Budget 2020 was announced on Tuesday, 18 February 2020. Deputy Prime Minister and Finance Minister, Mr Heng Swee Keat went into immediate concerns hovering over Singapore economy.
Budget 2020 sets aside SS$5.6 billion to help firms, workers and households amid the Covid-19 outbreak, with a focus on the future, from economic transformation to climate change.
Taking into consideration that the Singapore economy faces considerable uncertainty in the coming year with recovery derailed by the uncertainty brought forth by the Covid-19 outbreak, a Stabilisation and Support Package of both economy-wide and sector-specific measures was introduced. This includes a 25% corporate income tax rebate, capped at $15,000 per company to help firms with cash flow. The government will also enhance tax treatments under the corporate tax system for a year, allowing businesses to write down their expenditure in plant & machinery, renovation & refurbishment in year of assessment 2021.
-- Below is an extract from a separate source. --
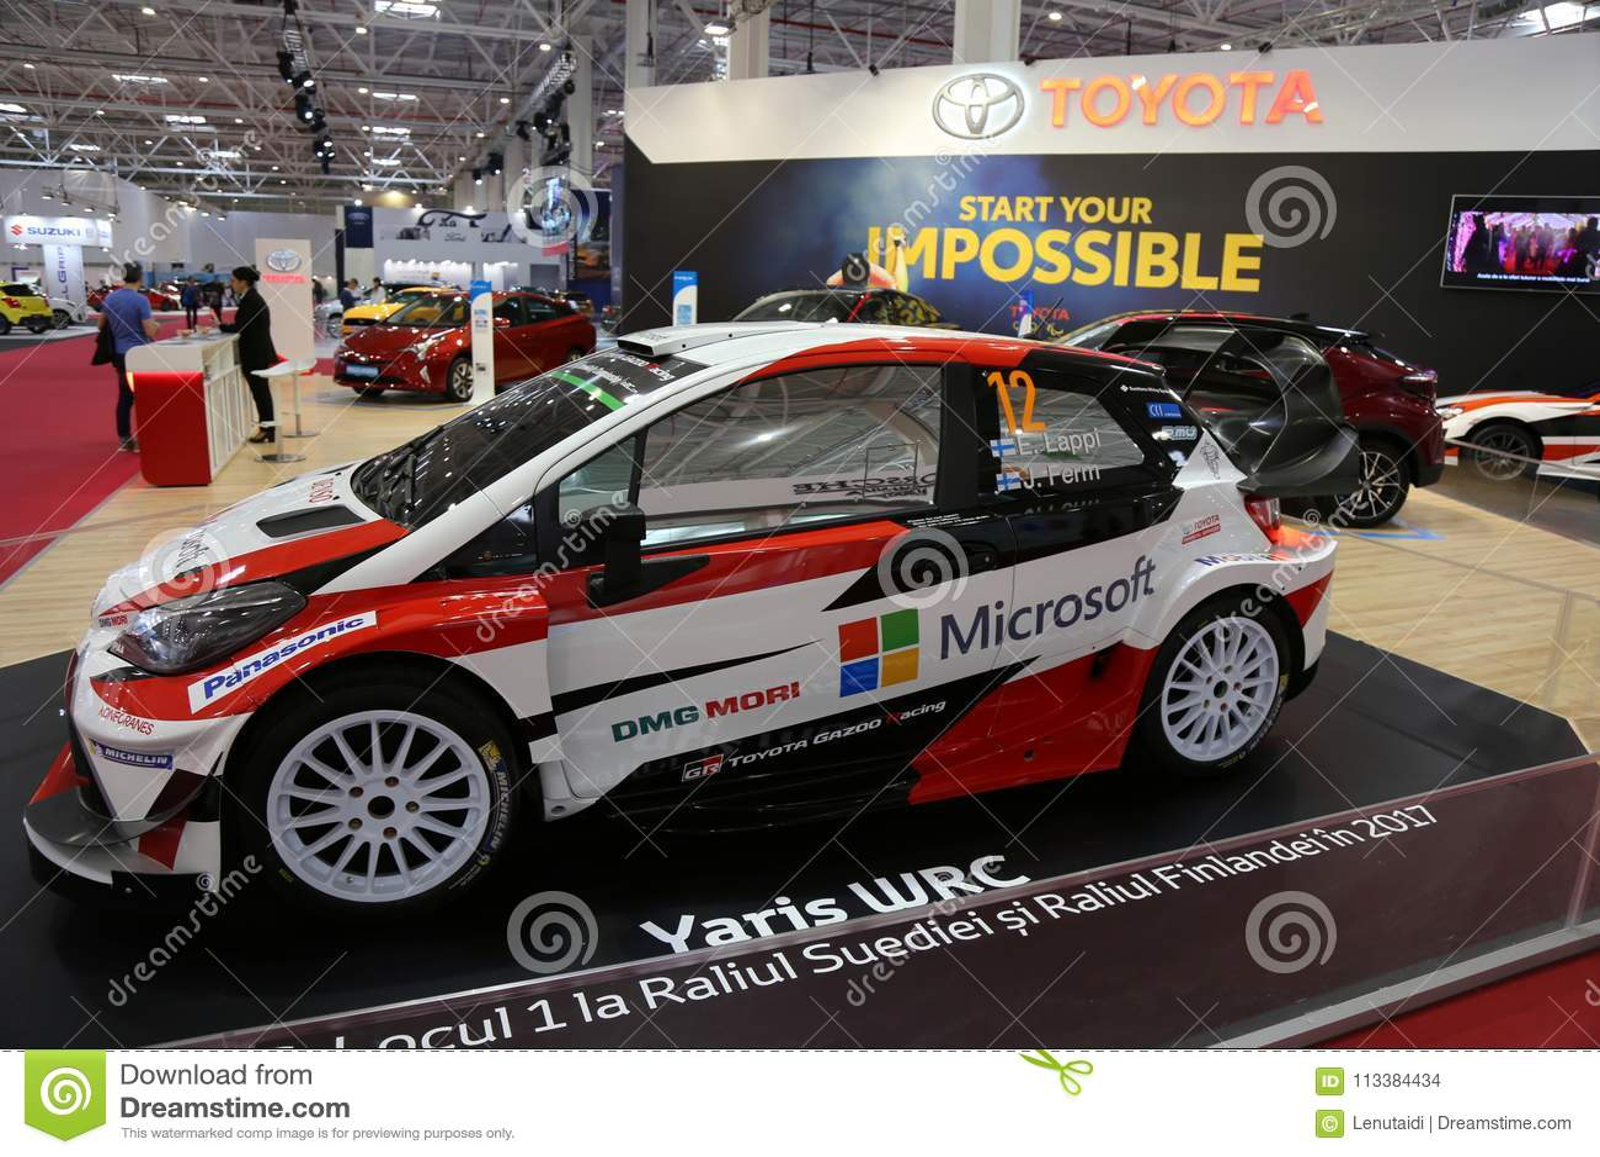 Toyota Yaris Wrc Rally At Siab 2018 Romexpo Bucharest Romania

Rent and tax reliefs, such as property tax rebates, ranging from 10% to 30% will be given out to the tourism, aviation, retail, food services, and point-to-point transport services sectors.
The National Environment Agency (NEA) will provide a full month rental waiver to all stall-holders in NEA-managed hawker centres and markets. For other Government-owned or managed facilities, the respective government agencies such as Housing and Development Board (HDB), People's Association (PA), Singapore Land Authority (SLA), Jurong Town Corporation (JTC), Urban Redevelopment Authority (URA), Singapore Tourism Board (STB), NParks and Sentosa Development Corporation (SDC) will provide half a month’s worth of rental waivers to eligible commercial tenants/ lessees who are on leases not exceeding three years, and do not pay Property Tax. Eligible tenants/ lessees may include those providing commercial accommodation, retail, food and beverages, recreation, entertainment, healthcare and other services.
While supporting businesses, there are also plans to manage the foreign worker policy. In a bid to encourage firms to hire skilled locals, the dependency ratio ceilings (DRC) for services sector was reduced to 38% from 40% starting 1 January 2020. The DRC will be further reduced to 35% on 1 January 2021. The S-Pass sub-dependency ratio ceiling (Sub-DRC) will be lowered for the construction, petroleum and petrochemical manufacturers, and marine shipyard sectors, from the current 20% to 18% on 1 January 2021, and again to 15% on 1 January 2023.
Goods and Services Tax (GST) will remain at 7% in 2021. The earlier-announced 2% GST tax hike will not happen in 2021 but will still be needed by 2025.
The overall deficit of Budget 2020 is estimated at S$10.9 billion or 2.1 per cent of GDP, larger than any actual deficit incurred previously.